TASK DETAILS: Nothing outside the lines below from the one containing "LEGO City 60392" through the one containing "BlackBerry Notable Android app screenshots" is to be printed; print those exactly, ends included, and drop the pictures.

DATASET ENTRIES:

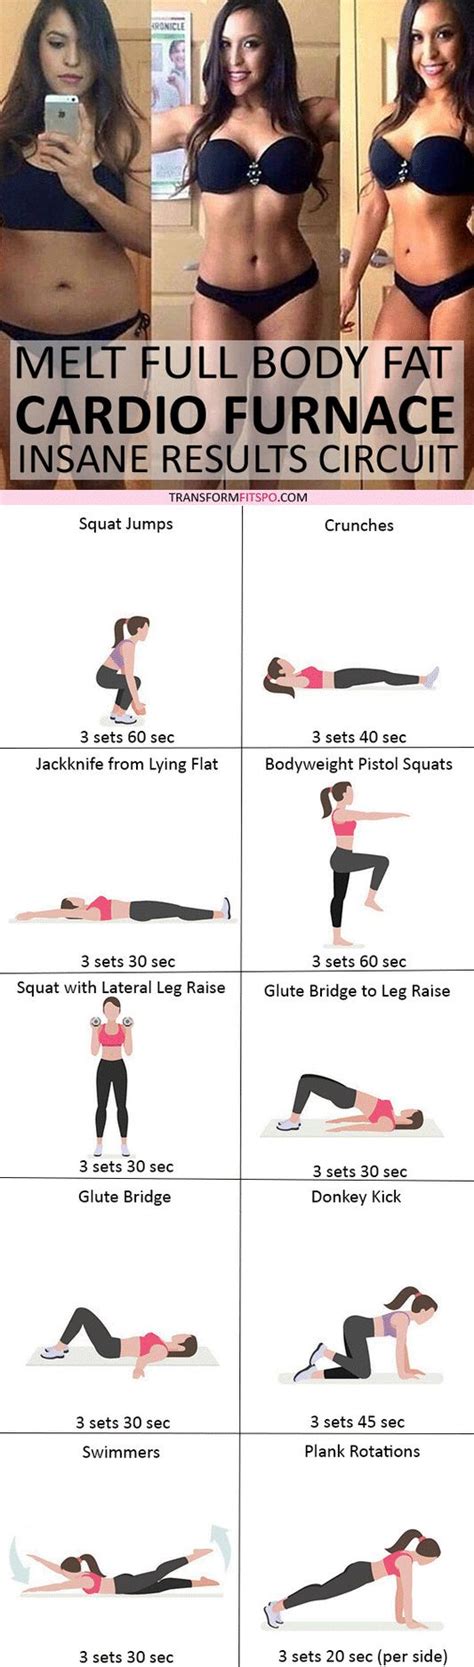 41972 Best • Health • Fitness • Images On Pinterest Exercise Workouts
* * *
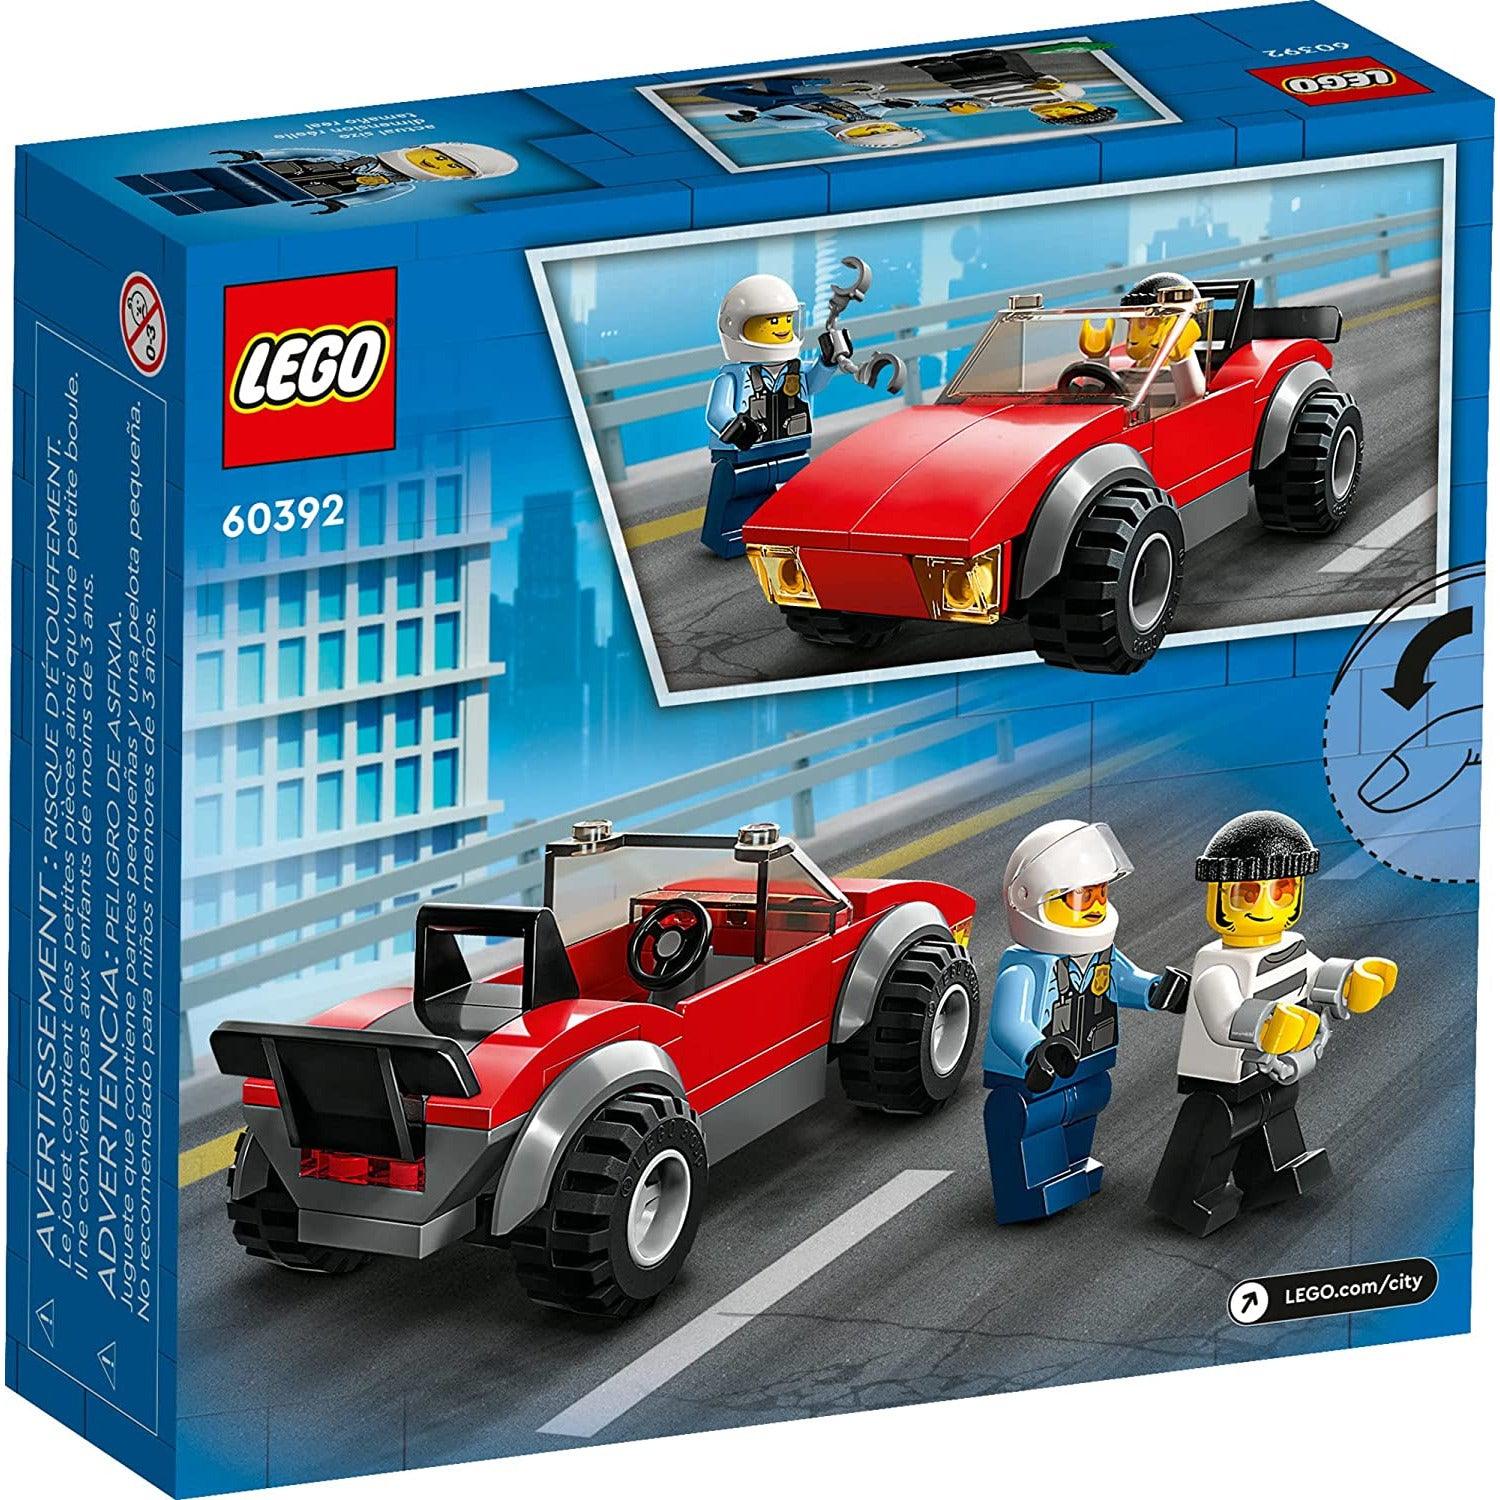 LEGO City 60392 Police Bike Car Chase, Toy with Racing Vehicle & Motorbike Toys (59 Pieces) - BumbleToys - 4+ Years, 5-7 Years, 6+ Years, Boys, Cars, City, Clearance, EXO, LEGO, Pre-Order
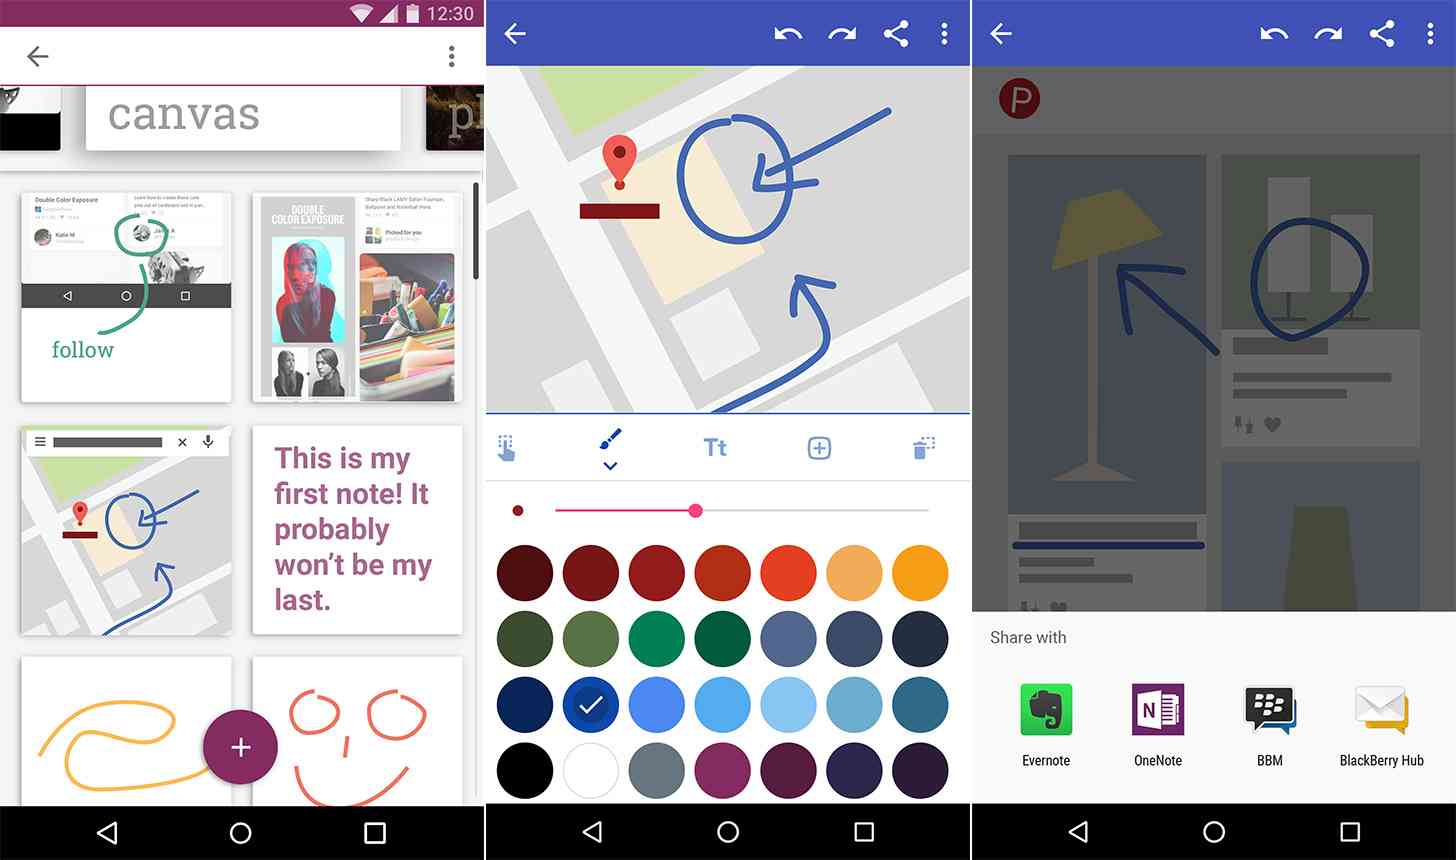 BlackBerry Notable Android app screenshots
---
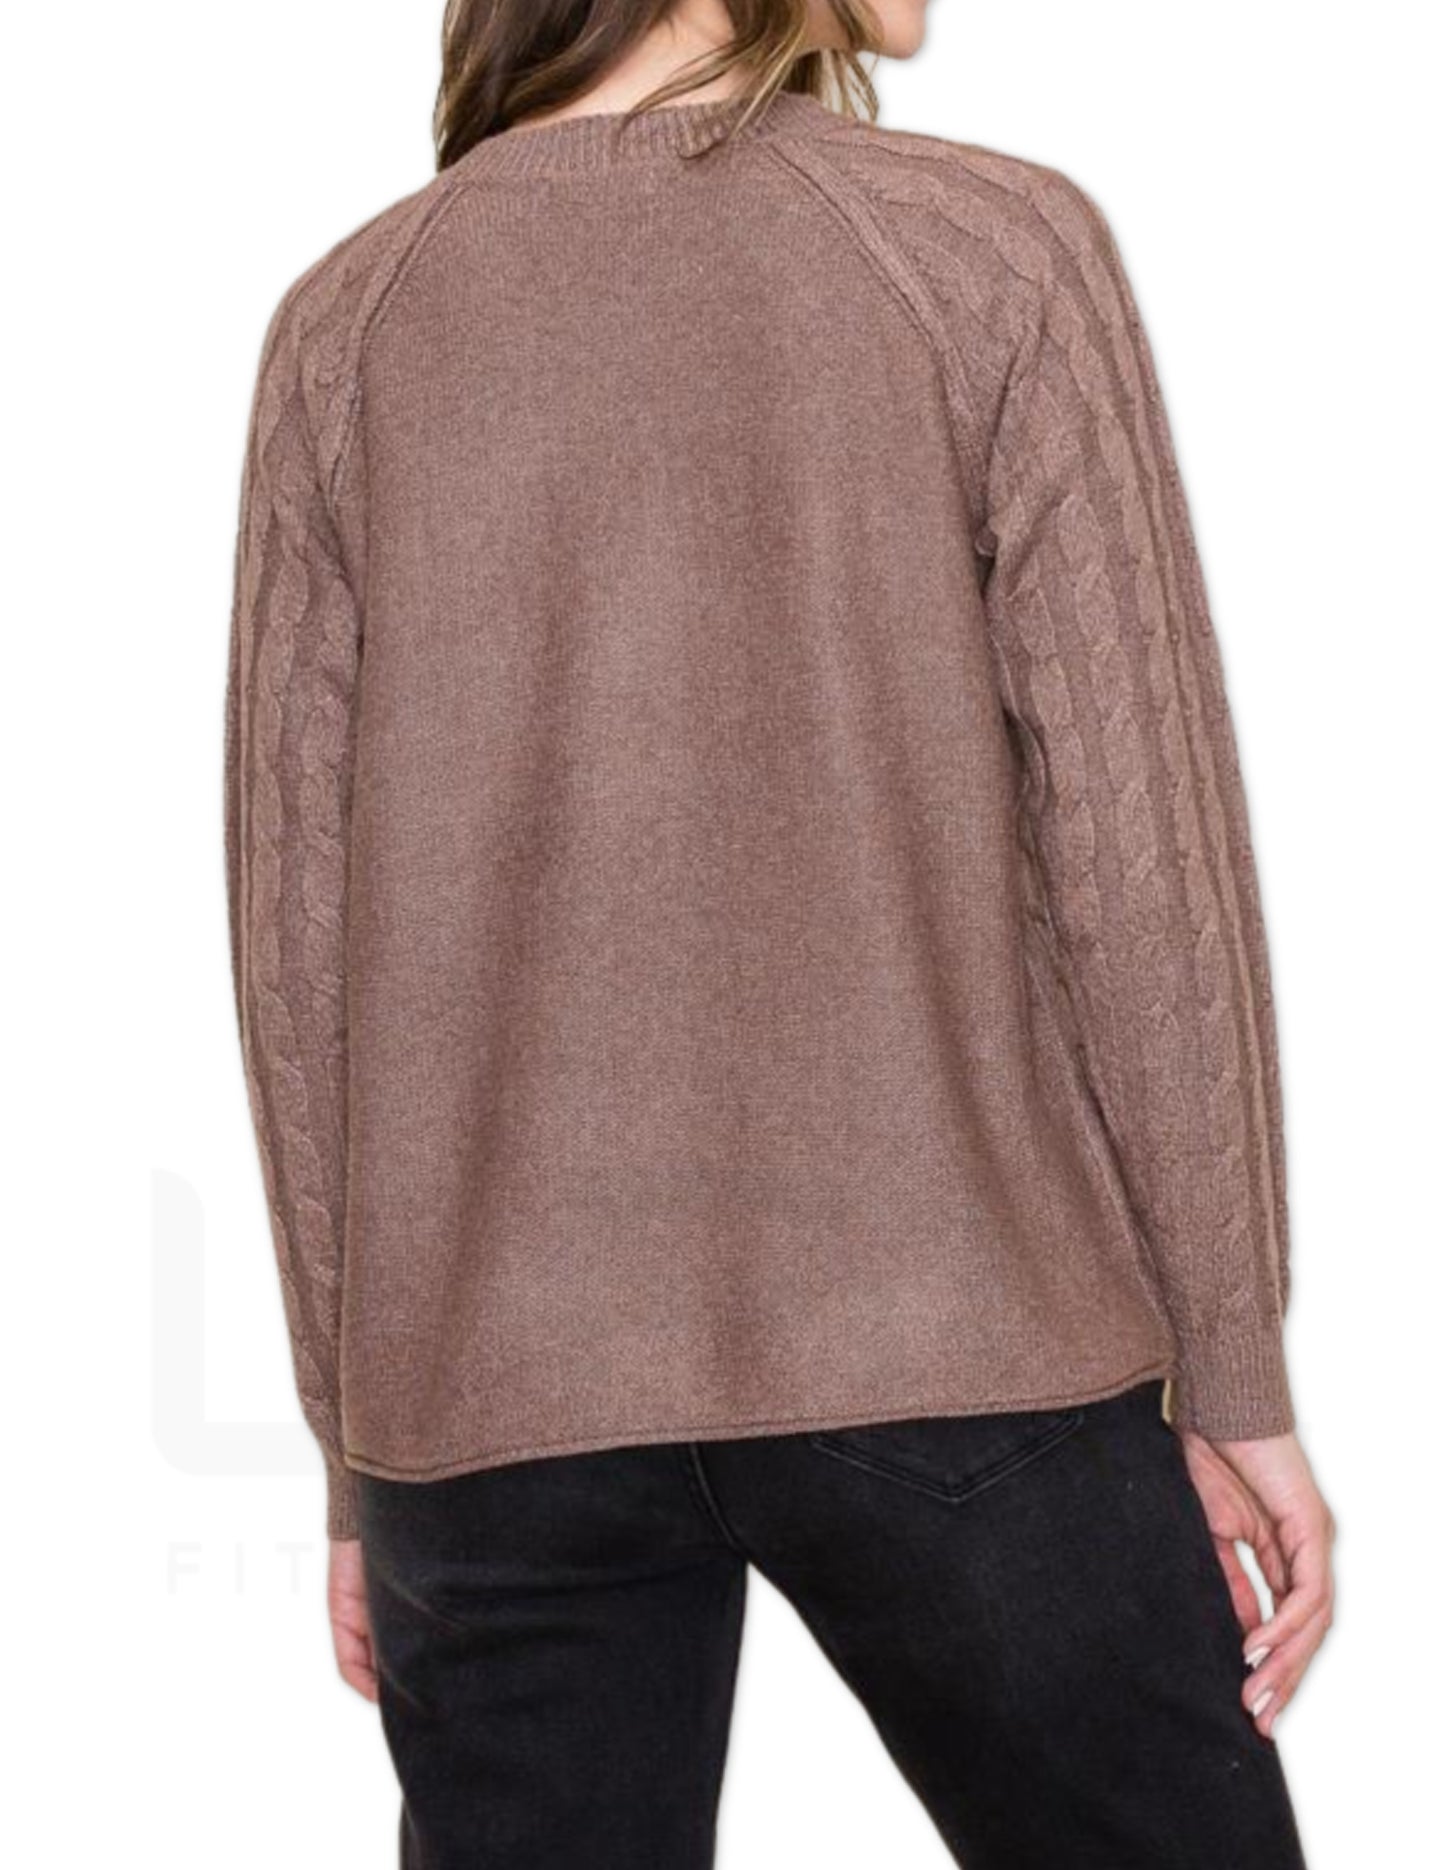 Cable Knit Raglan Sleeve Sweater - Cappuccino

OUTPUT OF THE TASK:
 LEGO City 60392 Police Bike Car Chase, Toy with Racing Vehicle & Motorbike Toys (59 Pieces) - BumbleToys - 4+ Years, 5-7 Years, 6+ Years, Boys, Cars, City, Clearance, EXO, LEGO, Pre-Order
 BlackBerry Notable Android app screenshots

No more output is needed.